I was also amazed at the rubbery texture of this most tender forbidden orifice. I had never considered that, unlike the other soft lips on her body, this would be so surprisingly different.

The instant my tongue first made contact I started lapping away at her asshole. I probably should've teased and dabbed it first but the oral aspect of my passion was to be denied no longer. After a bit she pulled me up to her so we could fuck in her favorite position: boring old Missionary.

A couple more times, over the next few years, I got lucky enough to indulge myself in the ravishing of the most central part of her butt. She never was able to really enjoy it, but when her inhibitions were lessened, she at least tolerated it to make me happy.

We progressed from mere licking to some touching. Again, only on rare incredible moments did she let me massage it with my thumbs or stroke it with slow circular movements of my forefinger.

One day, rejected again when I had hinted that we should go further, I worked up the nerve to ask Anna point blank why she wouldn't even consider letting me have her final frontier.

Pausing for a few breaths she answered, "It's like my mind is a book that was written long ago, and now that the pages are published there is no other way the story goes. It's hard to consider other things."

But she has always been better than I at anything to do with words and without me realizing until it was too late she turned my words back on me, "How about you? Have you ever considered taking a thing, a man's, into your body?"

"Nooo," I replied slowly and reluctantly, "I haven't"

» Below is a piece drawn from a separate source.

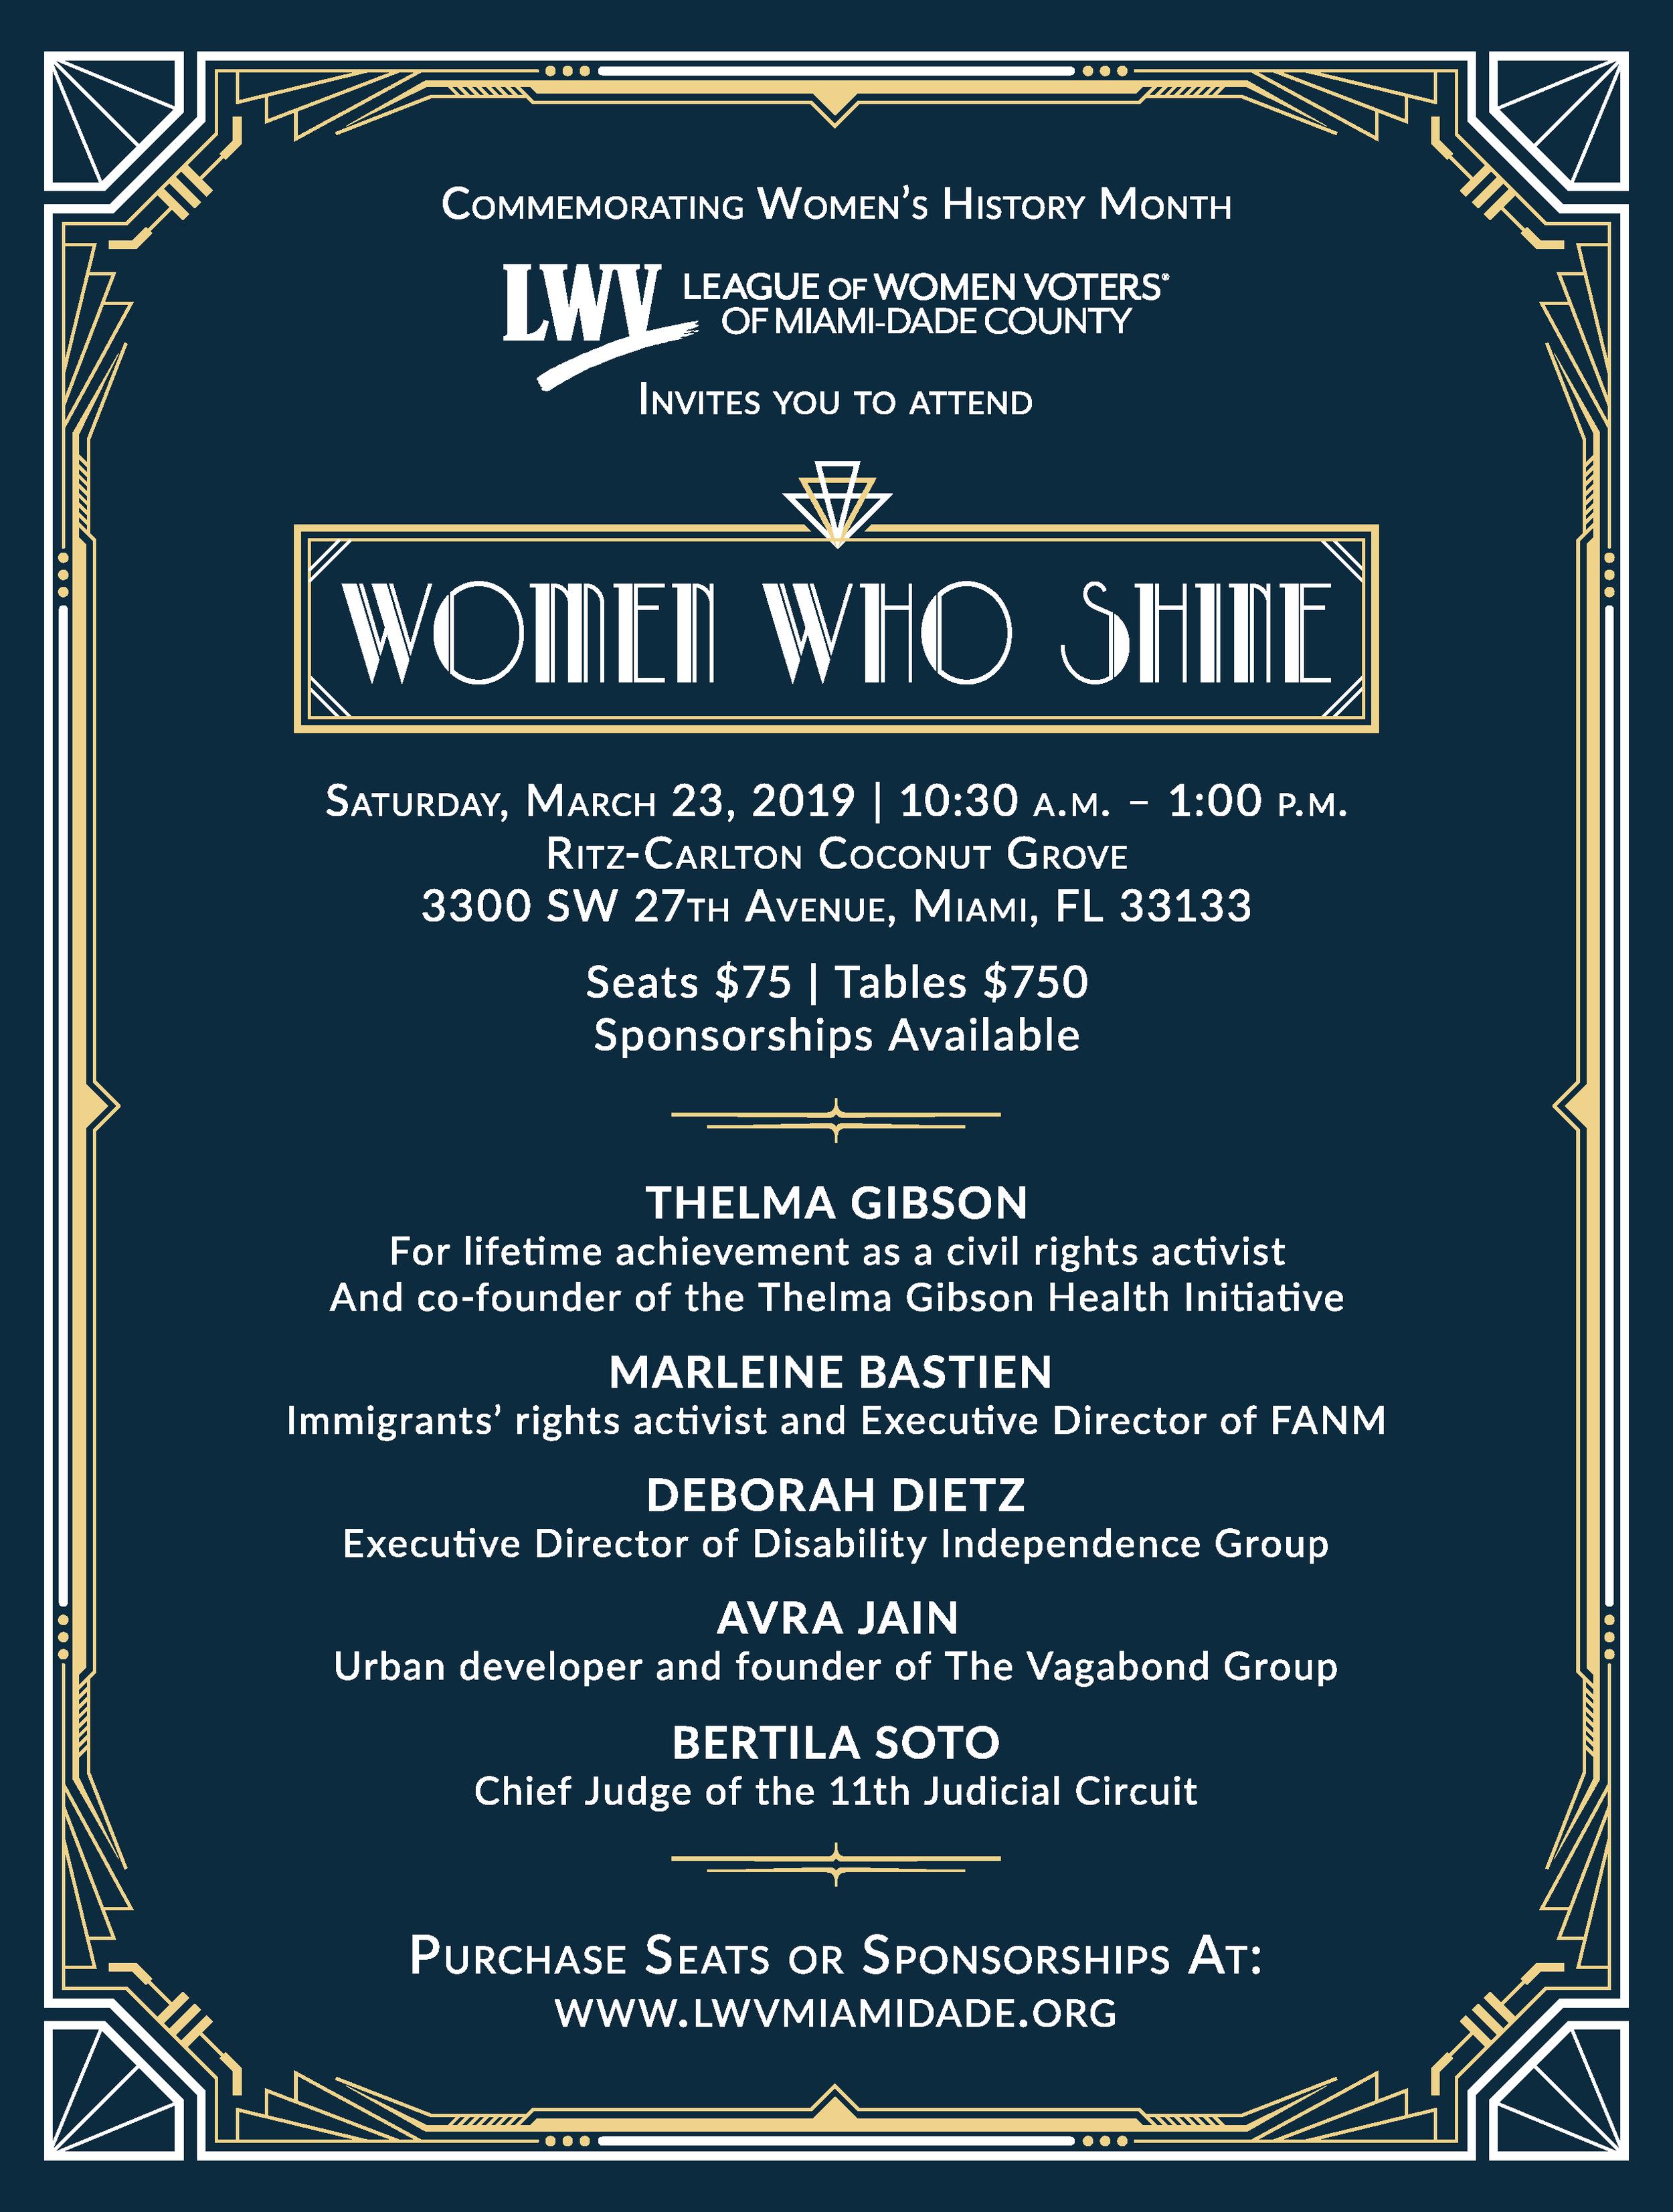 Women Who Shine 2019 Invitation Final.png

With a sly smile she asked, "Do you mean you have never once wondered what it would be like to suck one or get done in the back door? The thought hasn't even crossed your mind?" Then she laughed like we were just talking about some amusing event, "Not even when you used to watch porn and you saw all those dicks doing those things?" (I still watch porn but she needn't know that.)

I answered, "No, I guess I haven't. It's always been imagining me doing it to the girl, and now you." It was at this point that I realized I was affirming her theory of a mind being a published book. I needed to counter the argument before it took an irreversible hold. So I added, "but I could think about it. Just as a mental exercise. I mean, like you're my wife, so you, we, should consider trying new things, we should do new things for each other."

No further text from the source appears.